1. Julie

    I love the idea of giving candidates topics for discussion. This certainly will allow the candidates to prepare and find ways to share their strengths in a unique way – in a way that may mirror what they do in the classroom or as a leader. I also agree with your comments about having the candidate dig deeper and support their answers. This has happened in an interview – both with me as the candidate and in interviewing a prospective teacher. It was very insightful in both circumstances! I love your posts! Cheers!

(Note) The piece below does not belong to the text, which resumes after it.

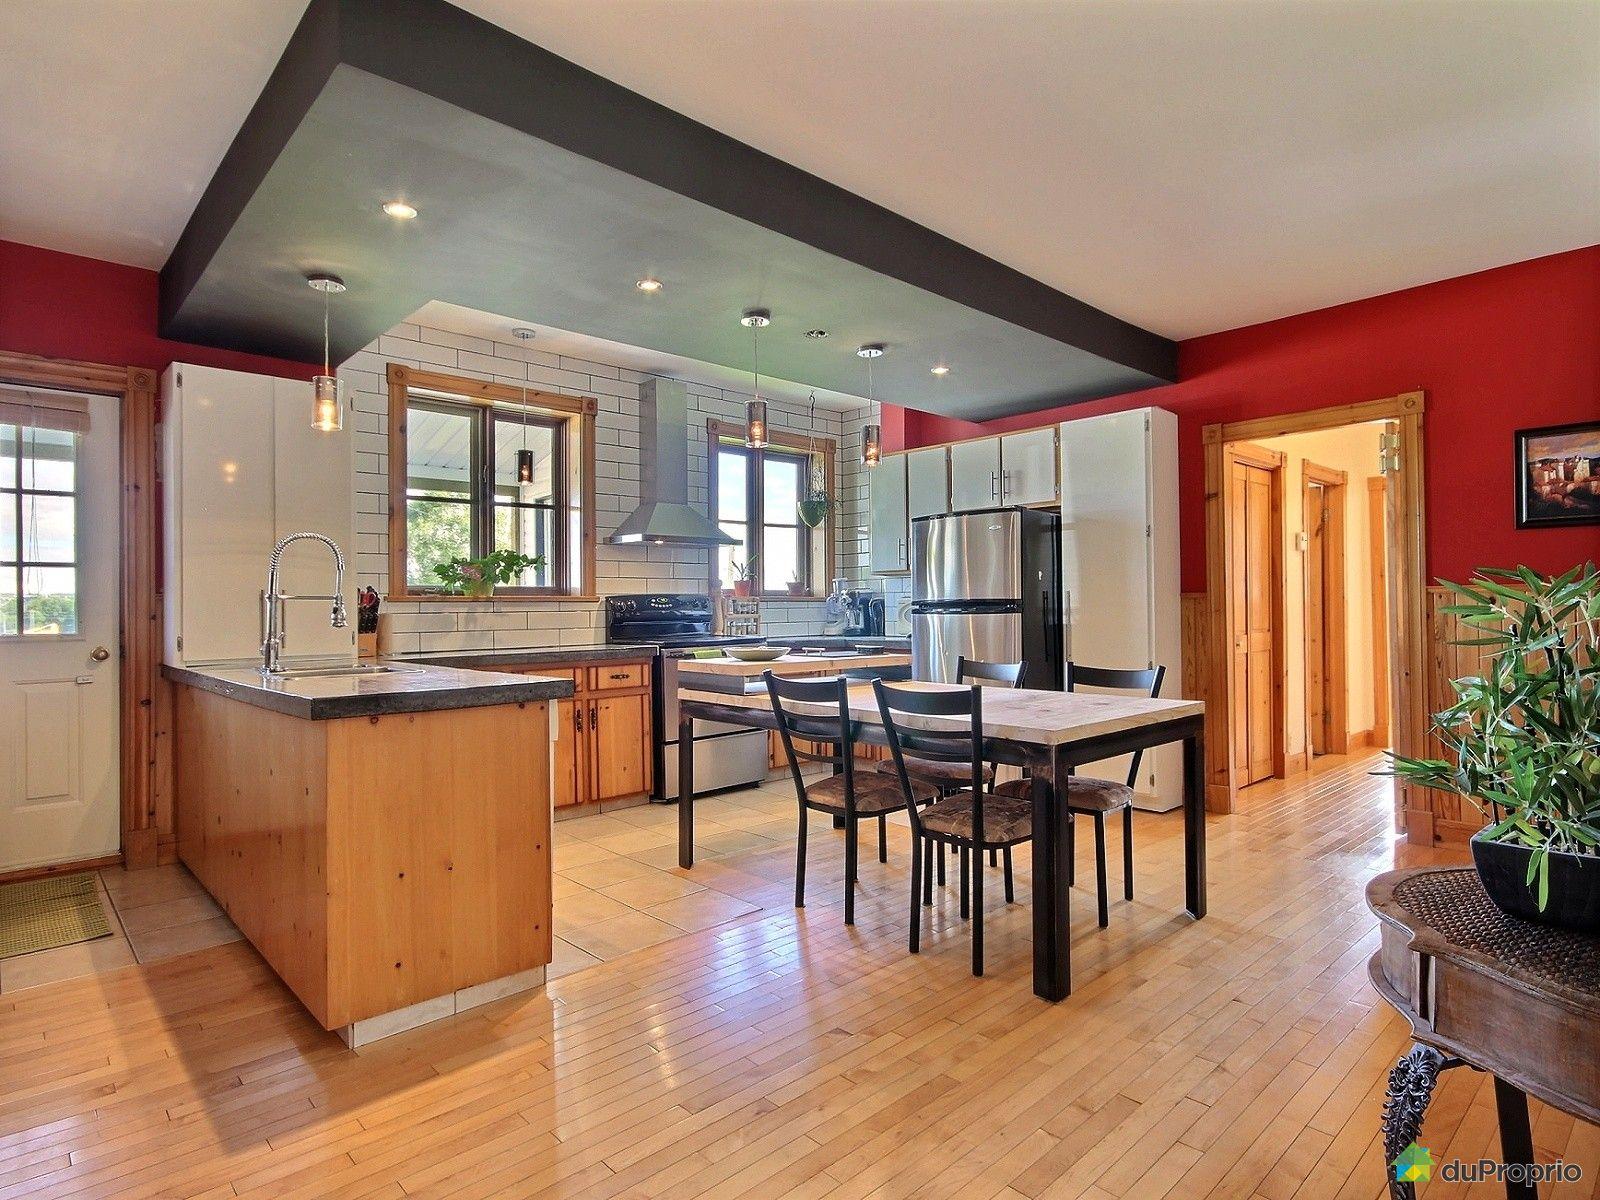 bi g n ration vendre ch teau richer 8754 avenue royale immobilier qu bec duproprio 632564. Black Bedroom Furniture Sets. Home Design Ideas

  2. Being part of a school that has anxiety as its #1 goal, I started sending out interview questions to candidates the day before (want good thinking not quick responses) – a strategy other schools have now started to use as well. I did add a twist where I have a ‘choose a mystery question’ 3 envelopes for candidates to randomly choose from (all 3 envelopes are duplicated for all candidates) so we can see how they do with one ‘surprise’ question.
    Great sharing about interview thinking!

  3. kirsten

    another thoughtful and timely post thanks. Reminded me of my interview for teaching college. We were asked to submit 3 topics we would be interested to talk about in a group discussion. 8 candidates participated in the discussion observed by a college tutor and heads from the region. Randomly people were requested to speak about one of their prepared topics ( no choice of which). They were not just looking at knowledge, but confidence, preparation, interpersonal interactions, communication skills. I thought it was great. Later in the day we had individual interviews with two heads from the region. Not college personnel. The thinking was. These were the people who knew the school environments, these wear the people we would eventually be working with, so they should have input in student selection. After training we were sent on school interviews 6 at a time. I thought for sure I would lose my first interview as another candidate had been a student teacher at the school. After achieving the job I asked the head why she hired me, she told me that I was the best fit for her school as I wanted to inspire children, not help them. The school was tough but a great learning experience. And I’ve carried that good fit message with me always when interviewing on both sides of the table. 🙂

  4. Alex

    An interesting post George. I have to be honest, I often find myself disagreeing with what you write (on a side note, this is one of the reasons I keep reading them), this post however, I see eye-to-eye with you. I work in an international school and have been on both sides of the interview panel, the hiring side much more, recently. I often feel that the interview process leaves a lot to be desired and we receive the same carbon-copy answers and nothing deeper or without any real sense of fulfilment – I will be sharing this post with my colleagues in the new year.